→ EXERCISE REQUIREMENTS
For this item, repeat the material exactly while omitting its pictures.

→ INFORMATION SHOWN
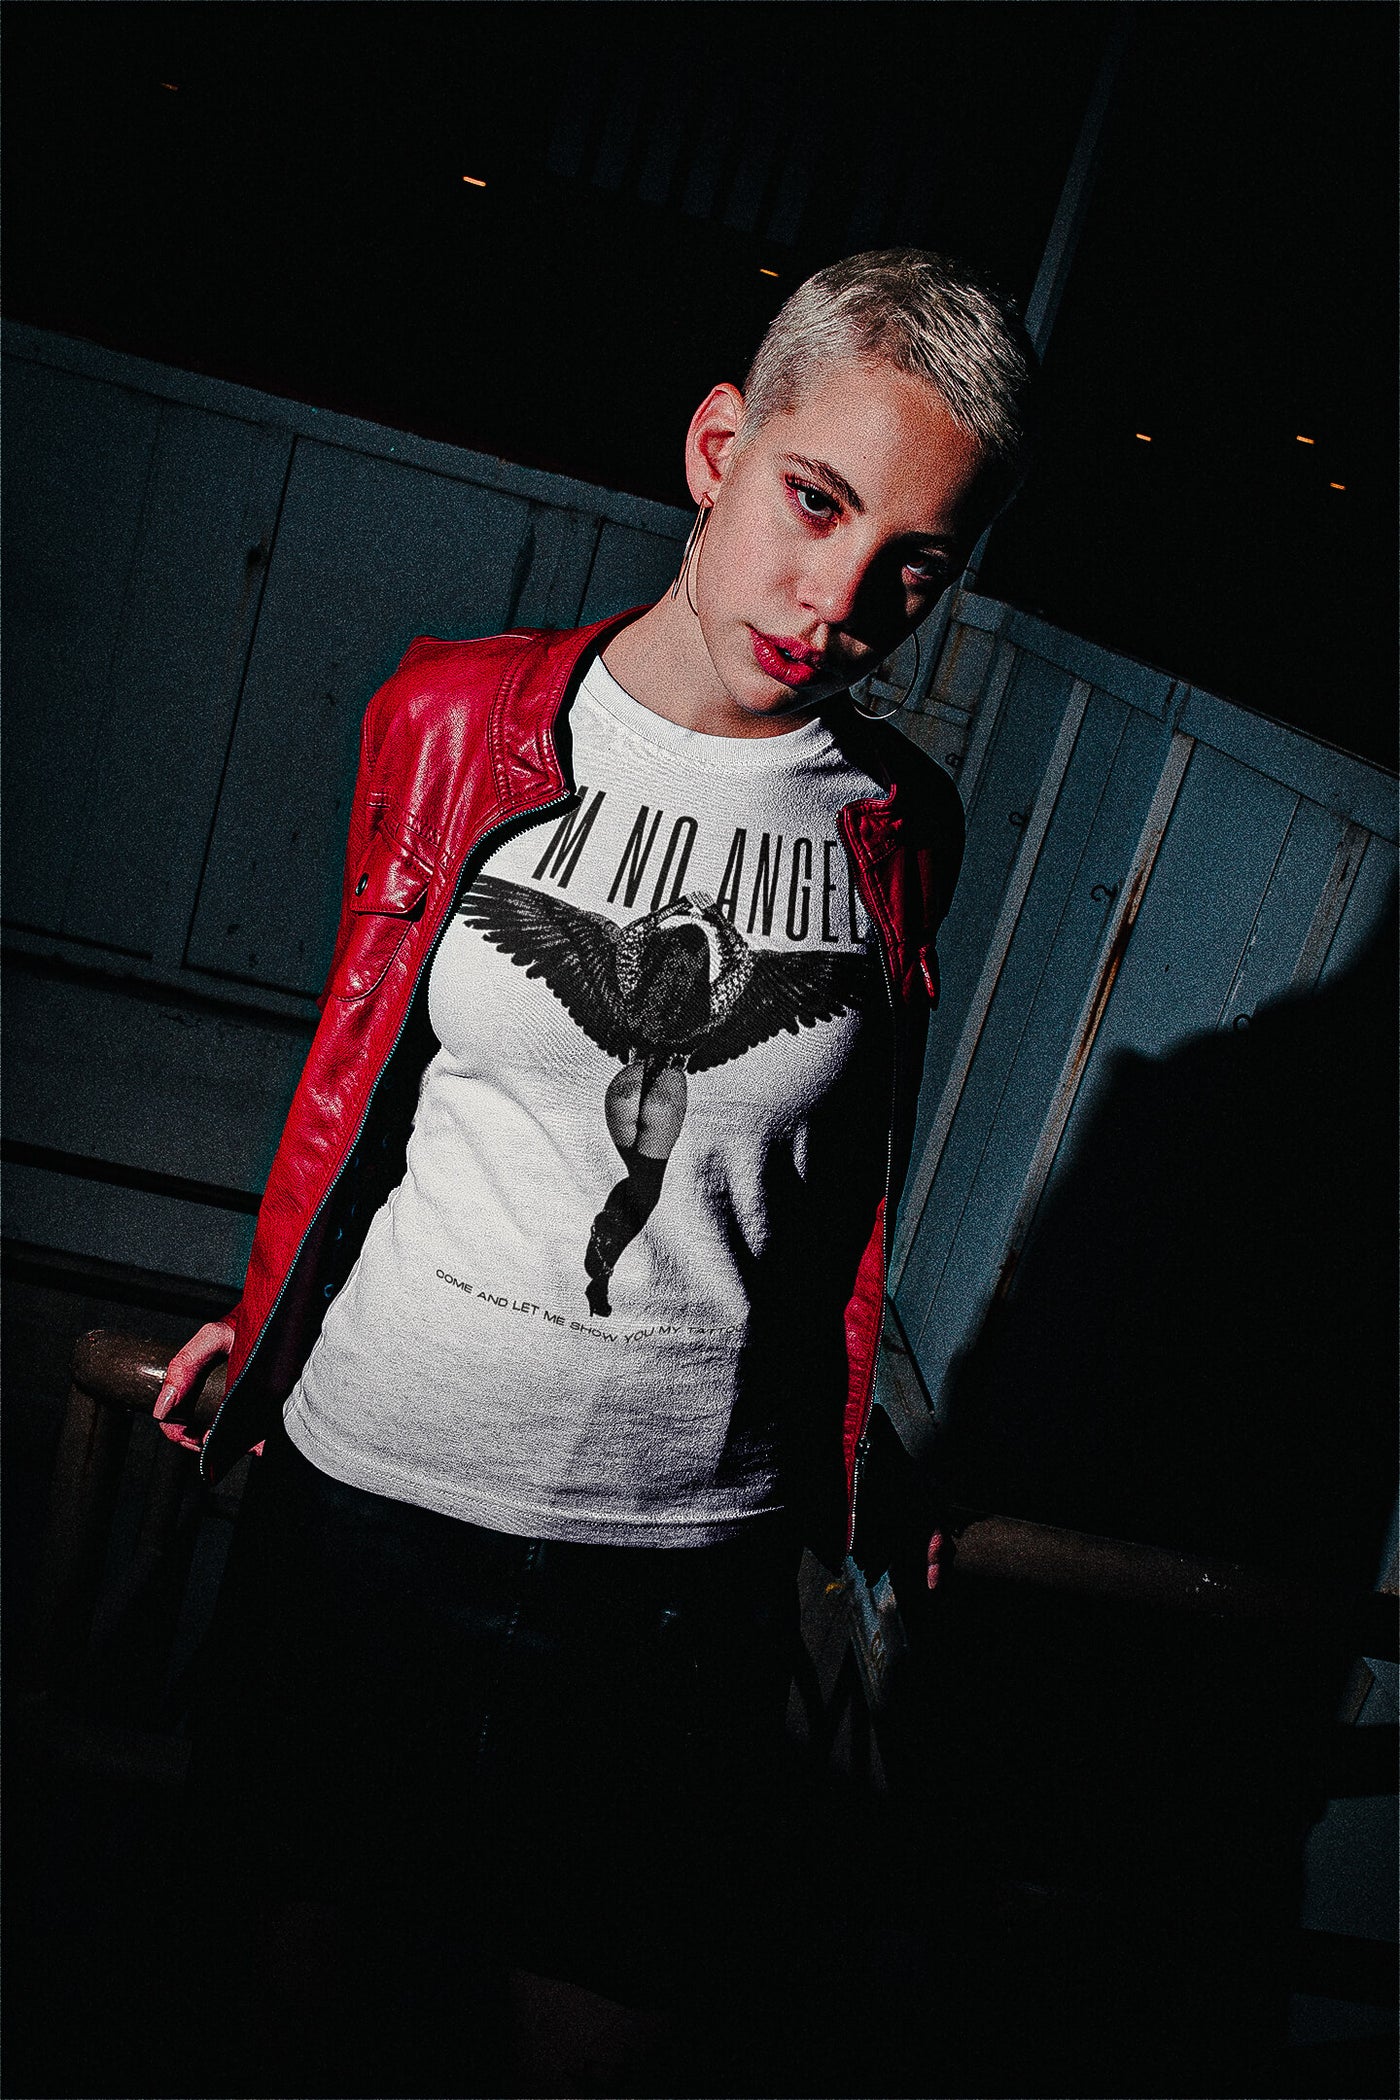 Short-haired woman in a night setting, sporting 'I'm No Angel Cher' T-shirt by Gllamazon in a mockup style, blending fashion with urban nightlife.
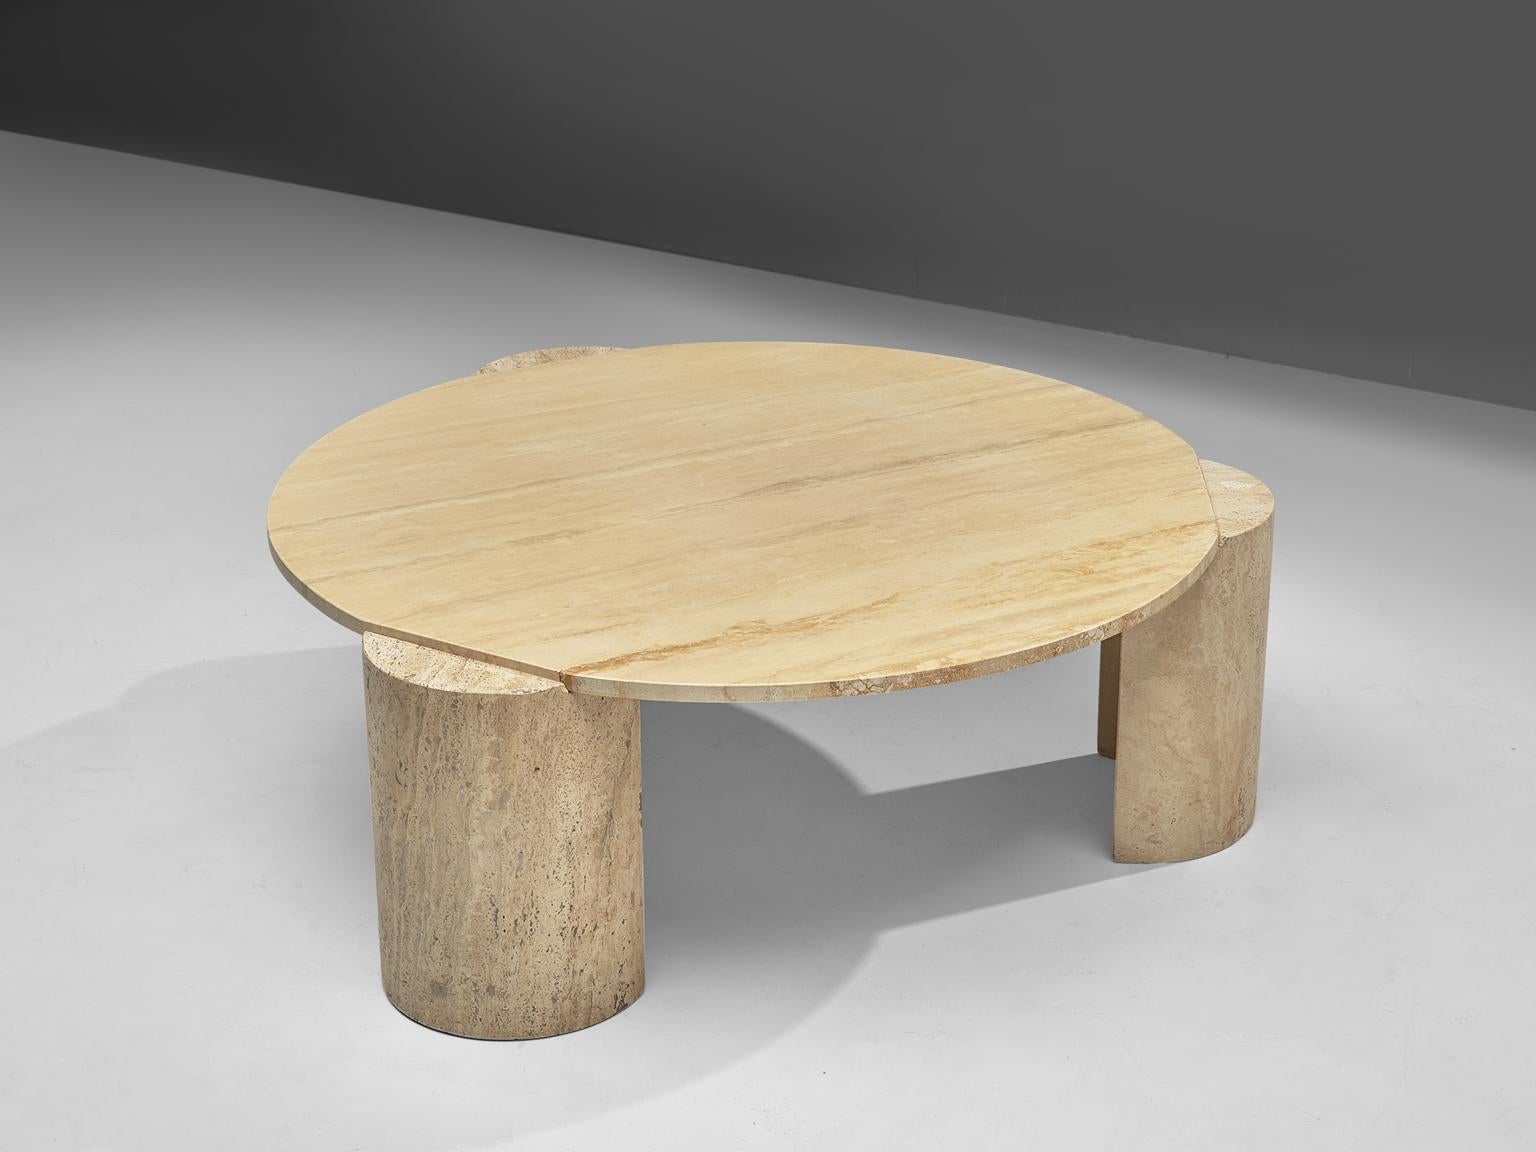 Round coffee table, travertine, Europe, 1970s.

This strong design coffee table features a round table top with a striking base. The three half-mooned shaped legs are placed slightly outwards the table top, which creates a nice visual effect. The
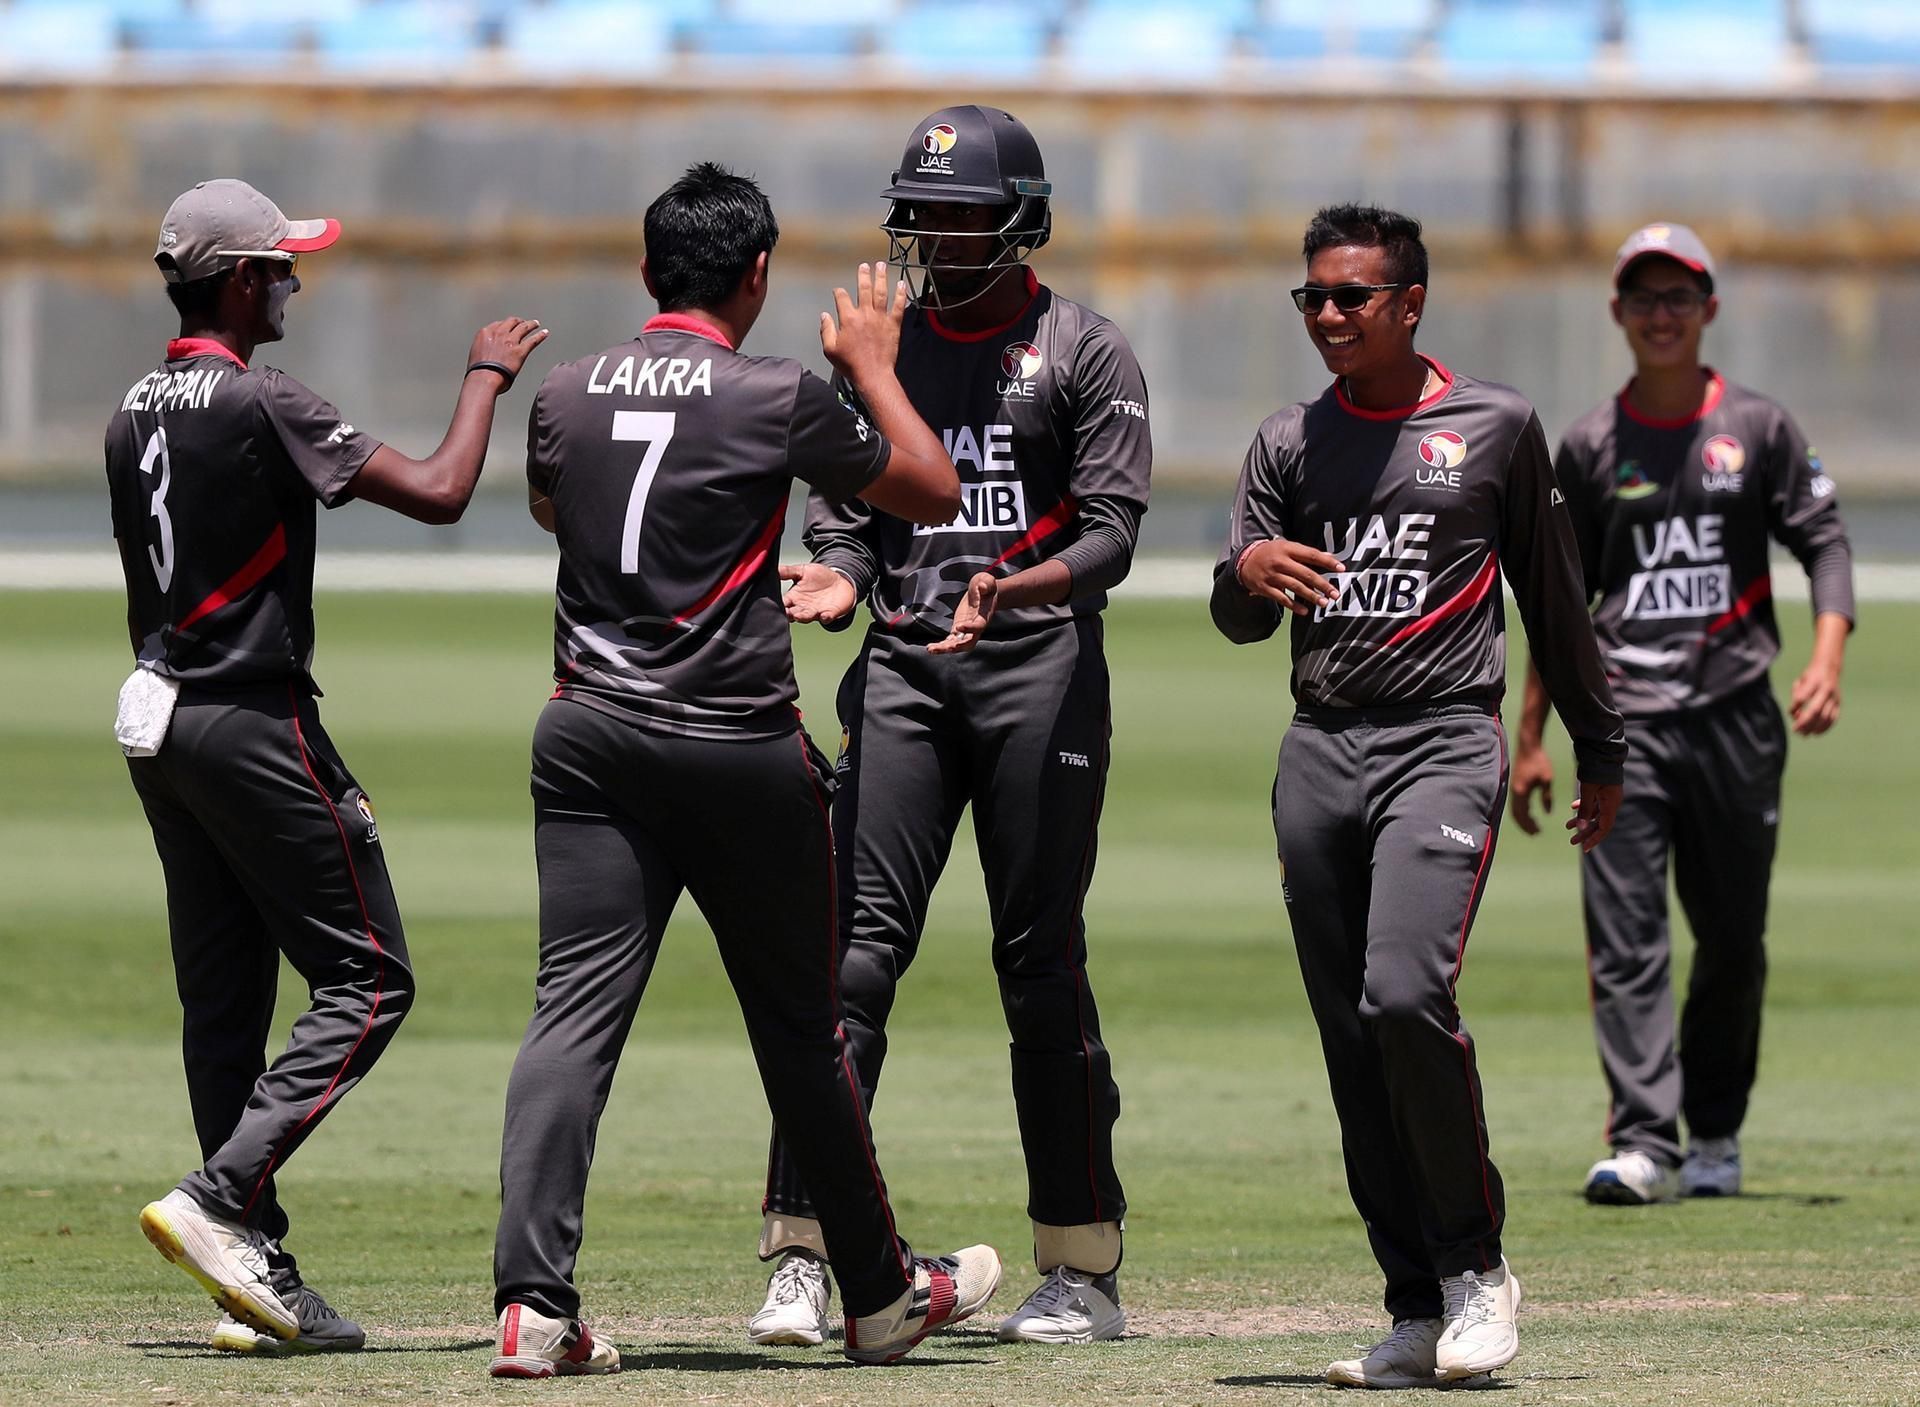 The UAE U19 cricket team in action (Image Courtesy: The National)

→ OUTPUT OF THE TASK
 Short-haired woman in a night setting, sporting 'I'm No Angel Cher' T-shirt by Gllamazon in a mockup style, blending fashion with urban nightlife.
 Round coffee table, travertine, Europe, 1970s.

This strong design coffee table features a round table top with a striking base. The three half-mooned shaped legs are placed slightly outwards the table top, which creates a nice visual effect. The
 The UAE U19 cricket team in action (Image Courtesy: The National)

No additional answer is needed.